Ik heb het gevoel dat de lichte structuren conceptueel goed beginnen te draaien en worden aanvaard. We beginnen stilaan onze doelstellingen te bereiken. Er is meer samenwerking. Er wordt meer vraaggericht gewerkt. We bewerkstelligen een open innovatiecultuur.
Wat de dossiers voor deze aanvraagronde betreft, zitten we momenteel op schema. We proberen die dossiers zeker in de loop van de komende weken aan de Vlaamse Regering voor te leggen.
Mijn standpunt over het VIM en het VIL is gekend. Ik ben zeker vragende partij voor nog meer samenwerking. Wat de mobiliteit betreft, zijn verschillende initiatieven genomen. Ik denk dan aan Flanders DRIVE, aan het VIM, aan het VIL en aan het intelligent transportsysteem (ITS). We blijven verder suggesties naar voren schuiven. We willen de betrokken organisaties stimuleren om elkaar te vinden. We hebben het door Flanders DRIVE ingevuld dossier uitdrukkelijk met de betrokkenen besproken. Ze zijn zelf voorstander. Ik heb begrepen dat ook het VIM een openheid van geest toont. Ik heb er enigszins vertrouwen in dat het inzicht begint te groeien dat meer samenwerking voor iedereen een goede zaak zou zijn. Het gaat hier echter om onafhankelijke initiatieven. Ze moeten zelf hun samenwerkingstrajecten uitstippelen. We staan klaar om hen daarbij te coachen en te begeleiden. We stimuleren hen in elk geval om verder op die weg te gaan.

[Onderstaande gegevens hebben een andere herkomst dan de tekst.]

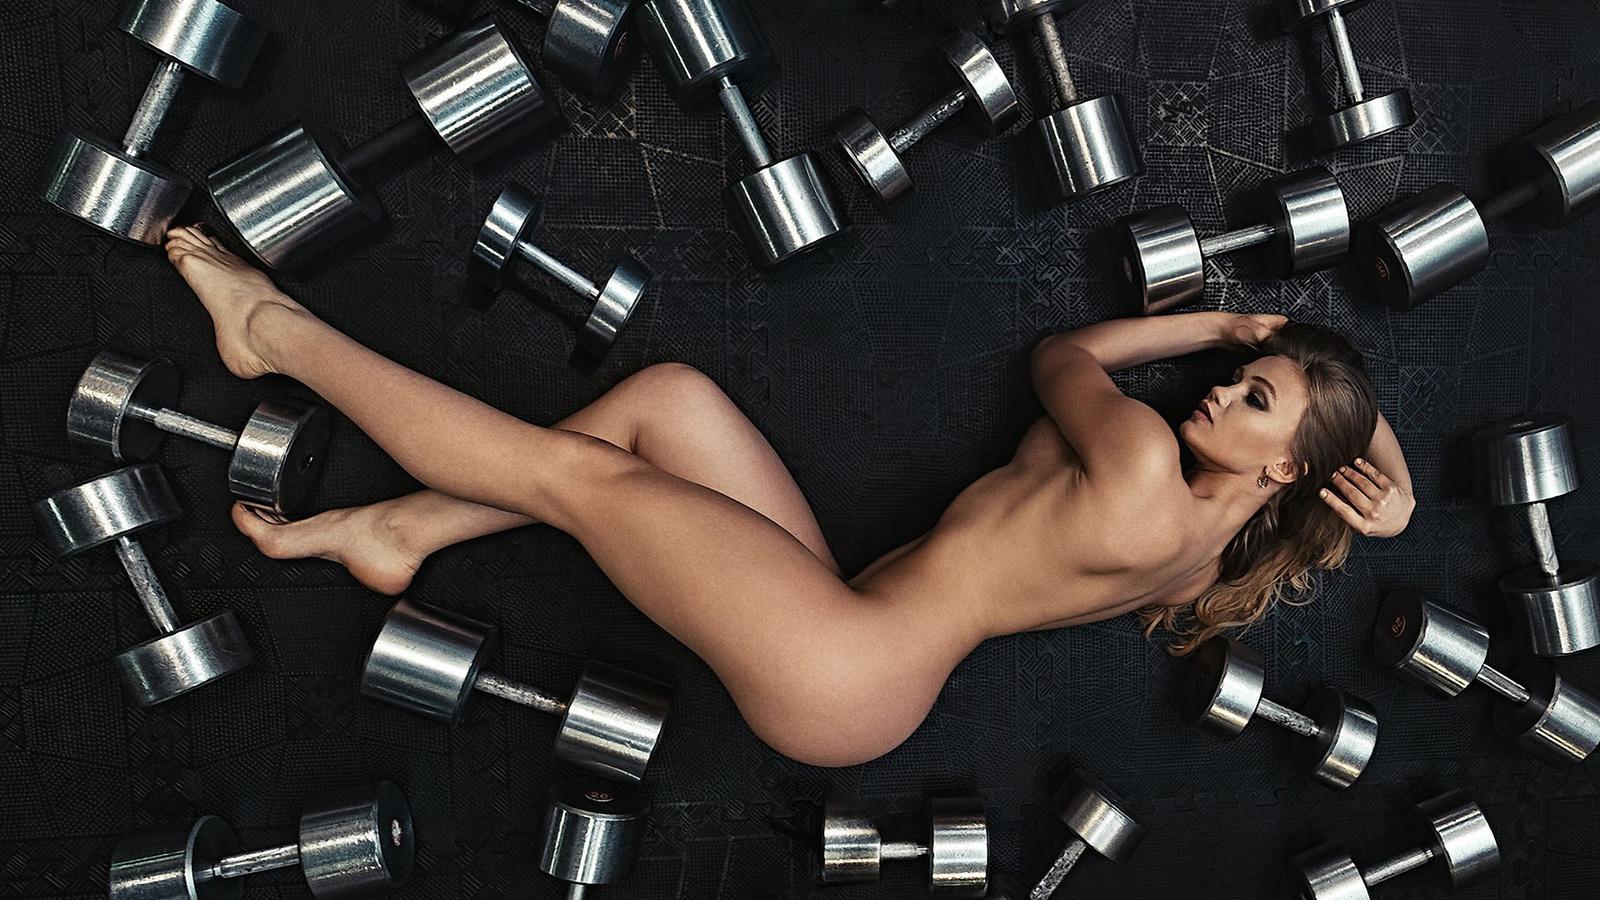 women, top view, nude, ass, dumbbells, tanned, blonde, on the floor, boobs, гантели, девушка, вид сверху, обнаженная, попка, на полу

De heer Koen Van den Heuvel : Ik wil even op dat laatste punt ingaan. De middelen zijn absoluut beperkt. Dat ziet er voor de toekomst niet beter uit. Het lijkt me dan ook absoluut nodig om binnen het innovatiebudget het grootste rendement na te streven.
Ik volg de redenering met betrekking tot de lichte structuren. Het volume aan middelen dat we ter beschikking stellen, moet niet als enige graadmeter worden gebruikt. Het gaat ook om de outcome, de resultaten van de investeringen in innovatie.
De discussie over het VIM en het VIL moet zeker een efficiëntieoefening omvatten. We willen de minister vanuit mijn fractie of vanuit deze commissie dan ook aanmoedigen om de integratie te bespoedigen en de juiste context te creëren. Op die manier kan zij wat efficiëntiewinst en een doelmatige besteding van de middelen nastreven.
De voorzitter : De vraag om uitleg is afgehandeld.